Глава 11

Я переживала необыкновенные времена. Мое положение было скромным, но привилегированным. Я была близка к королеве, и многие знатные люди завидовали мне. Я стала своего рода «гигантом».

С годами я все больше ценила часы, проведенные с нею. Я потеряла им счет, но знаю, что таких часов было немало. Я была ее тенью, ее сообщницей уже столько лет!

Кто мог знать ее лучше меня?

Она не была холодной и презрительной, как ее часто описывают. В моем присутствии она смягчалась. Под маской королевы я чувствовала женщину. Цельная натура, влюбленная в жизнь, прекрасная птица в золотой клетке.

Мне судьбой было предназначено быть рядом с ней. Возможно, для того, чтобы однажды выступить свидетелем.


Полулежа в глубоком кресле, я закрываю глаза и возвращаюсь в то время.

Мне нравится вспоминать наши дни в Трианоне.

Я вижу нас рядом с ротондой и беседкой, окруженной белыми розами. Они как снежки… Сколько растений мы вырастили, она и я? Ее фрейлины говорили, что Трианон был уже не садом, а нашей «лабораторией идей», лабораторией мод.

Трианон… то были счастливые дни. Прозрачные, белые часы, часы нашего цвета. Я долго отдавала предпочтение ярким цветам. Глубокий красный, цвет вишни и рыжеватый — любимые цвета Жанны дю Барри. Потом мне стали нравиться цвета нежные, прозрачные. Голубая лаванда, сирень, зеленая липа… Цвета были прекрасны, и они были повсюду: в белизне цветка, в тени фиалки, в синем мраморе вечера.

— Вы заметили, — сказала мадам де Ламбаль, которая всегда удивляла своей наблюдательностью, — что говорят: «черная ночь», хотя даже самая беззвездная ночь никогда не бывает черной?

Именно Мария-Тереза де Ламбаль открыла для нас «цвет ночи». Было большой заслугой с ее стороны заметить, почувствовать этот цвет, ведь в Версале ночи как таковой никогда не было: иллюминация превращала ночь в день.

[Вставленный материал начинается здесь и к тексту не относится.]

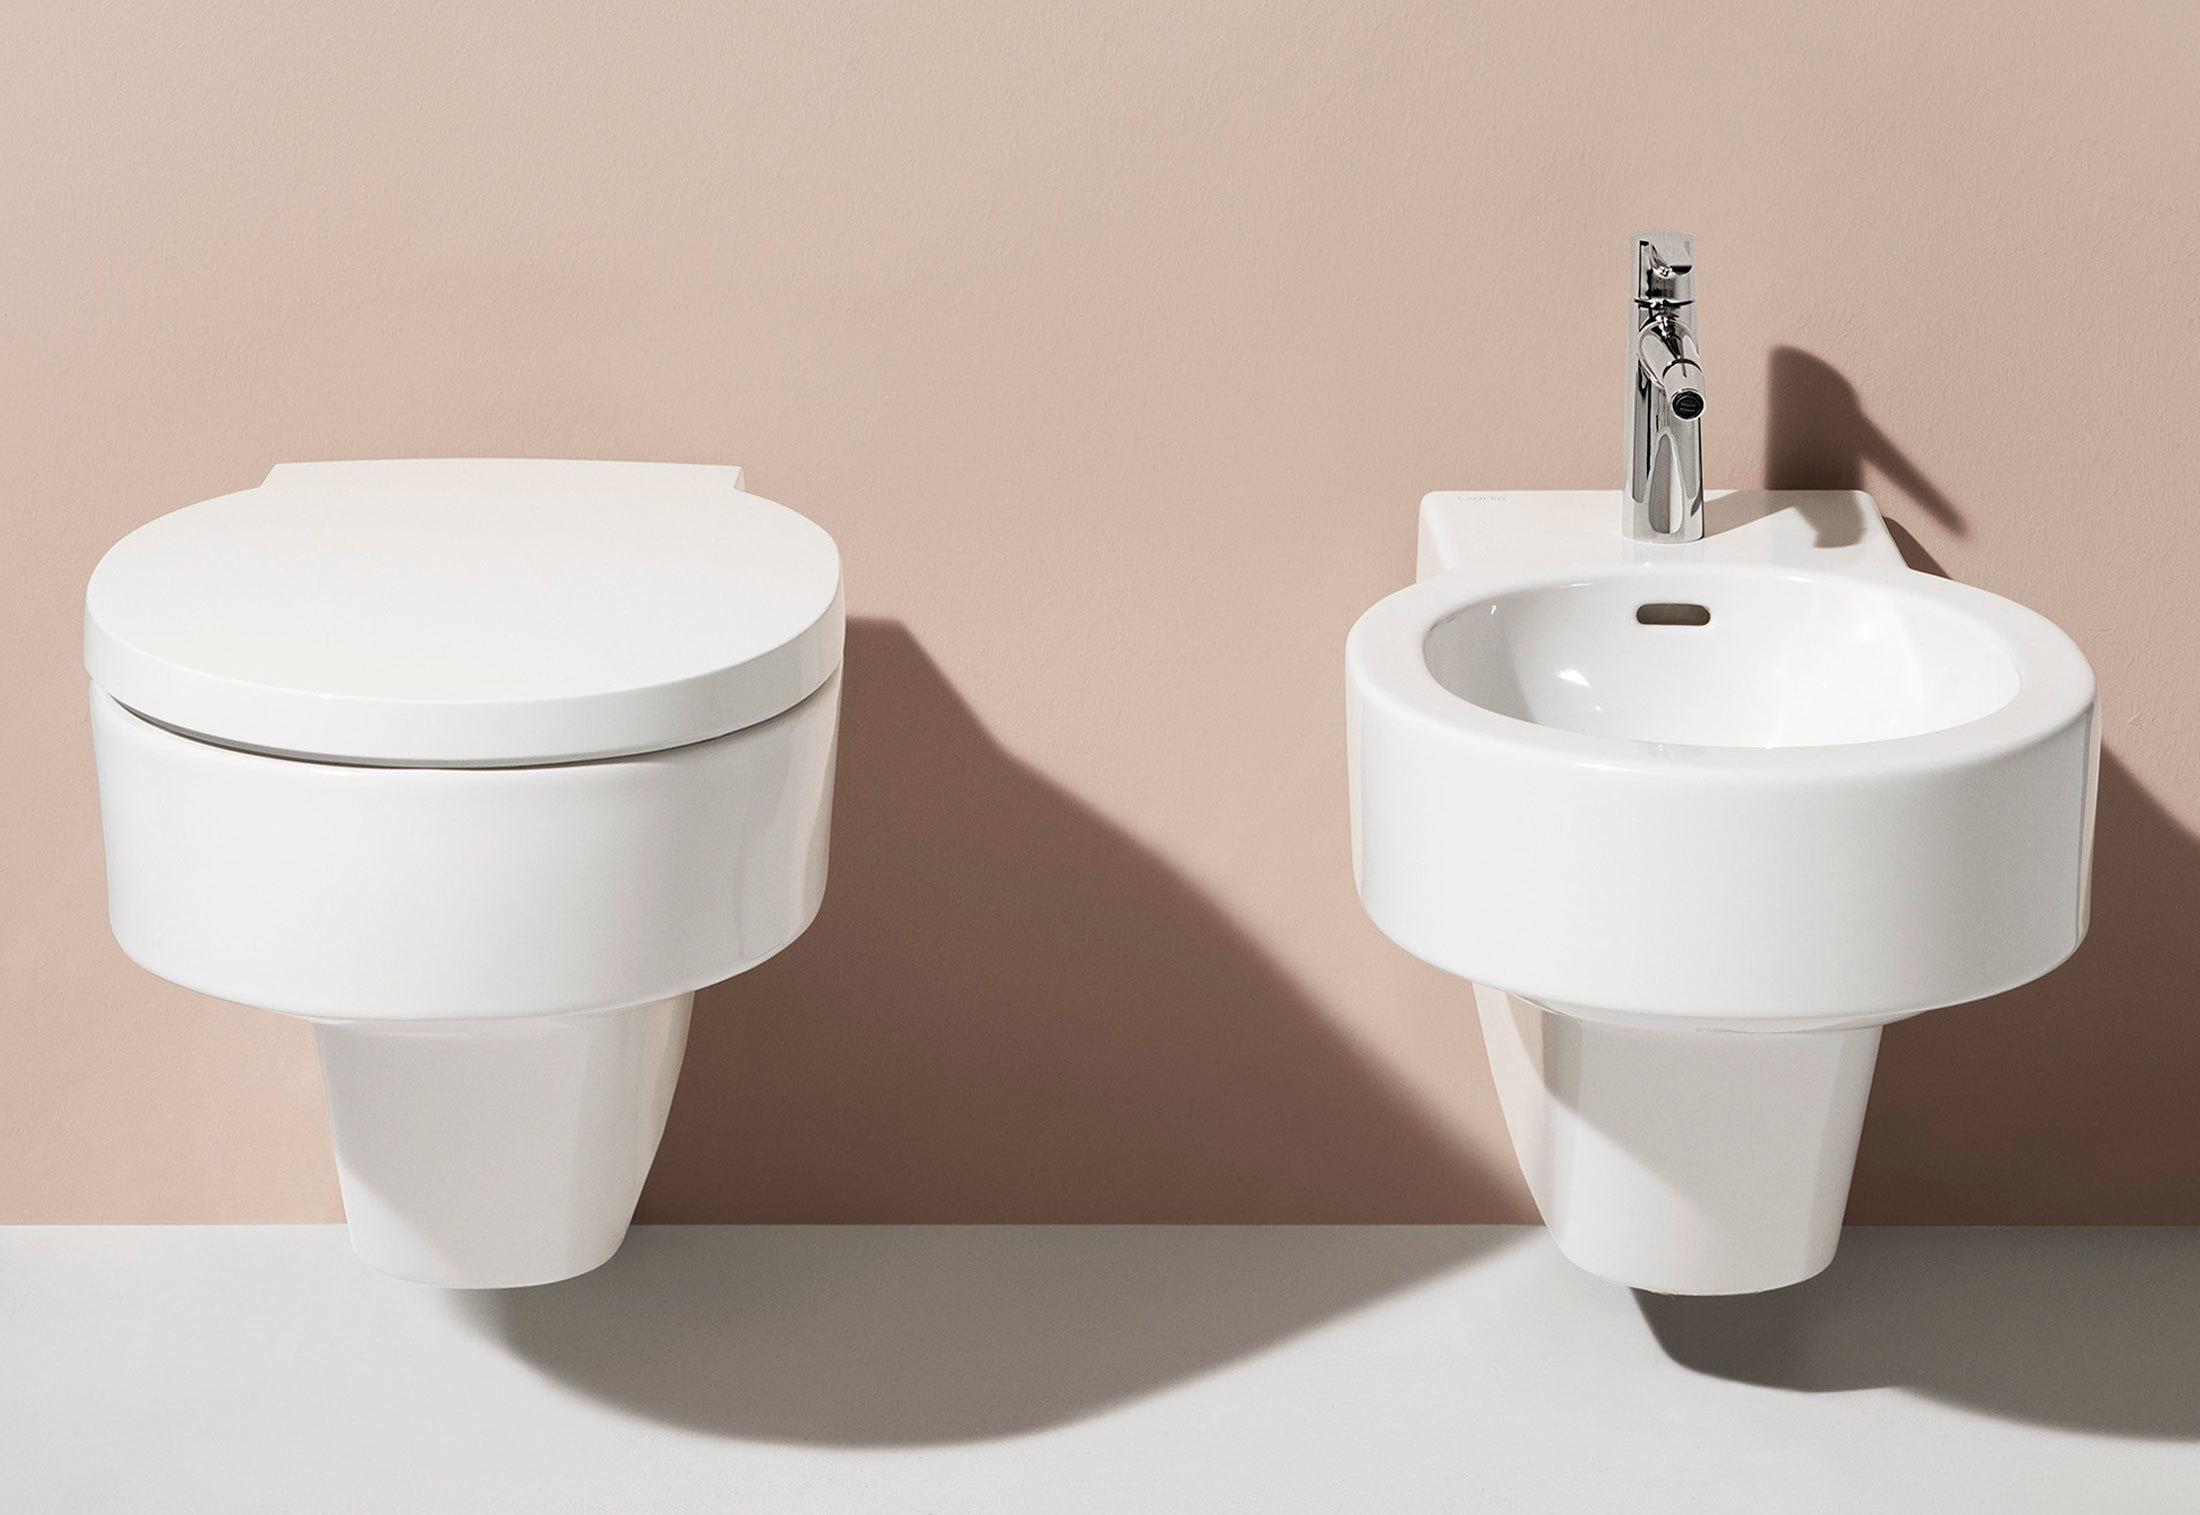 randlose wc becken great keramag wcsitz icon mit with randlose wc becken good haenge wc. Black Bedroom Furniture Sets. Home Design Ideas
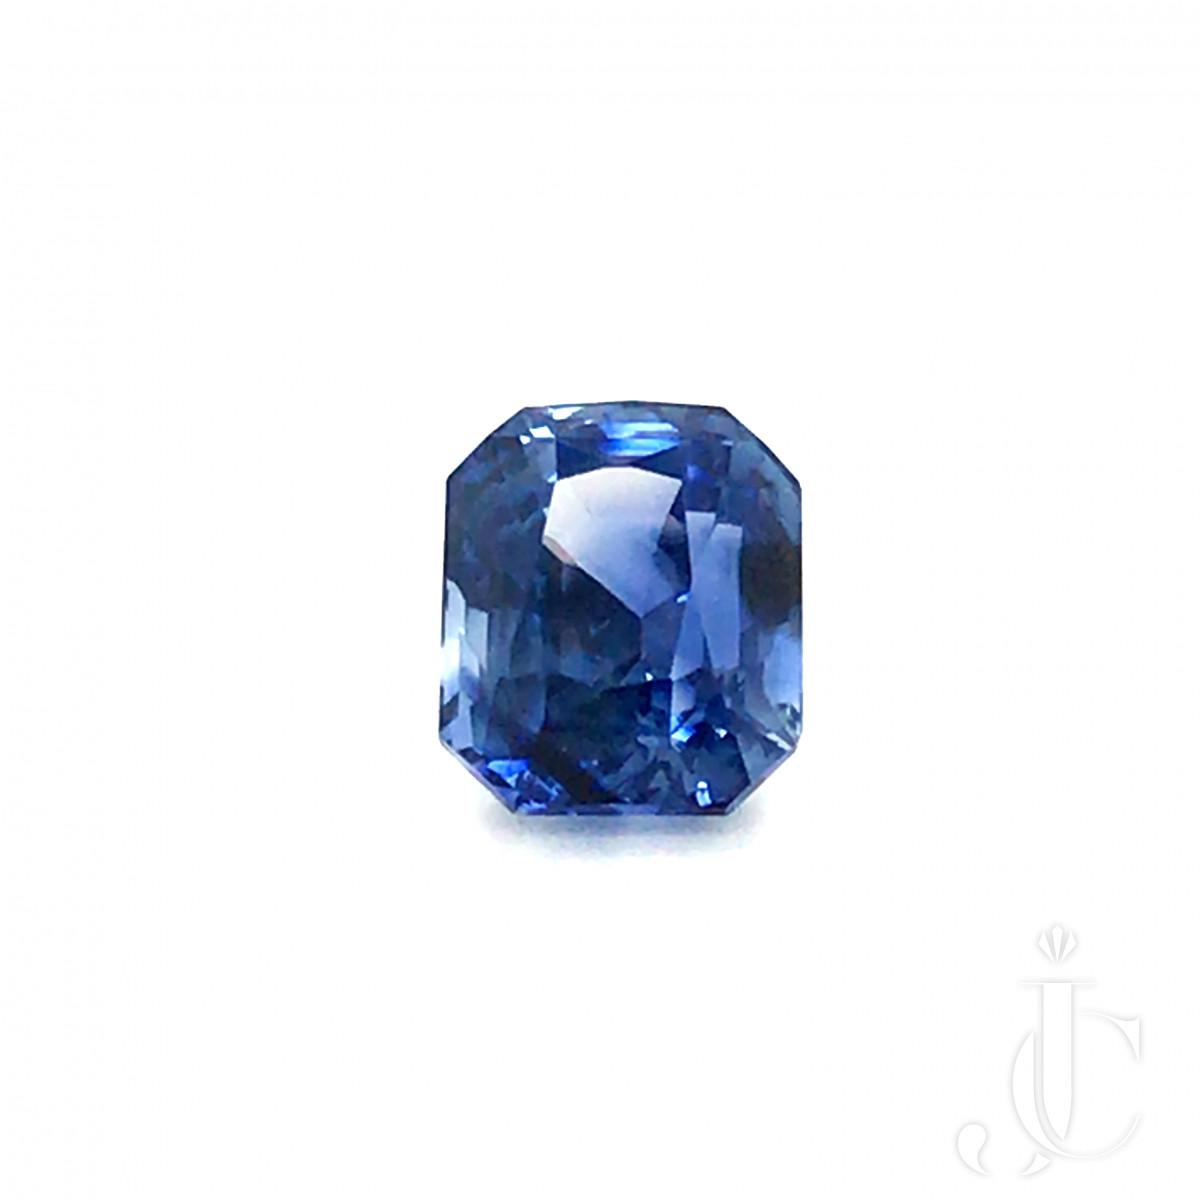 Natural no heat octagon Ceylon Sapphire 9.30ct blue with FGL lab report

Память приводит меня в летнюю ночь оголенных плеч и грациозных шей, в ясный муслиновый вечер, где Мадам задала тон празднику, обозначив его цвет. Я помню и маленьких собачек, которых она тоже хотела одеть во все лиловое. Ее желания не обсуждались, и я исполняла их, даже не догадываясь о смехотворности ситуации. У этой женщины был дар легкости и легкомыслия, с ней все становилось веселее, все превращалось в игру. Из всех игр мне больше всего нравилась игра в цвета.

Она заключалась в следующем: каждая из нас должна была дать названия самым различным оттенкам. Мы придумывали названия возвышенные и прекрасные, смешные и ужасные. Например, «кислое молоко», «тристамия», «лицо сифилитика», «задница мухи», «умирающий цветок», «потерянное время», «веселая вдова», «розовая старческая задница»[64] и многие-многие другие. Самым известным название было «блоха», но придумали его не мы — это название однажды слетело с языка короля.

Как-то утром в апартаменты мадам Антуанетты, где мы примеряли платье из нежной коричневой тафты и советовались по этому поводу, зашел король. Несмотря на то, что он не был в восторге от моих чепцов, он вел себя со мной всегда очень мило.

— Это платье цвета блохи! — воскликнул он, остановившись перед темной тафтой.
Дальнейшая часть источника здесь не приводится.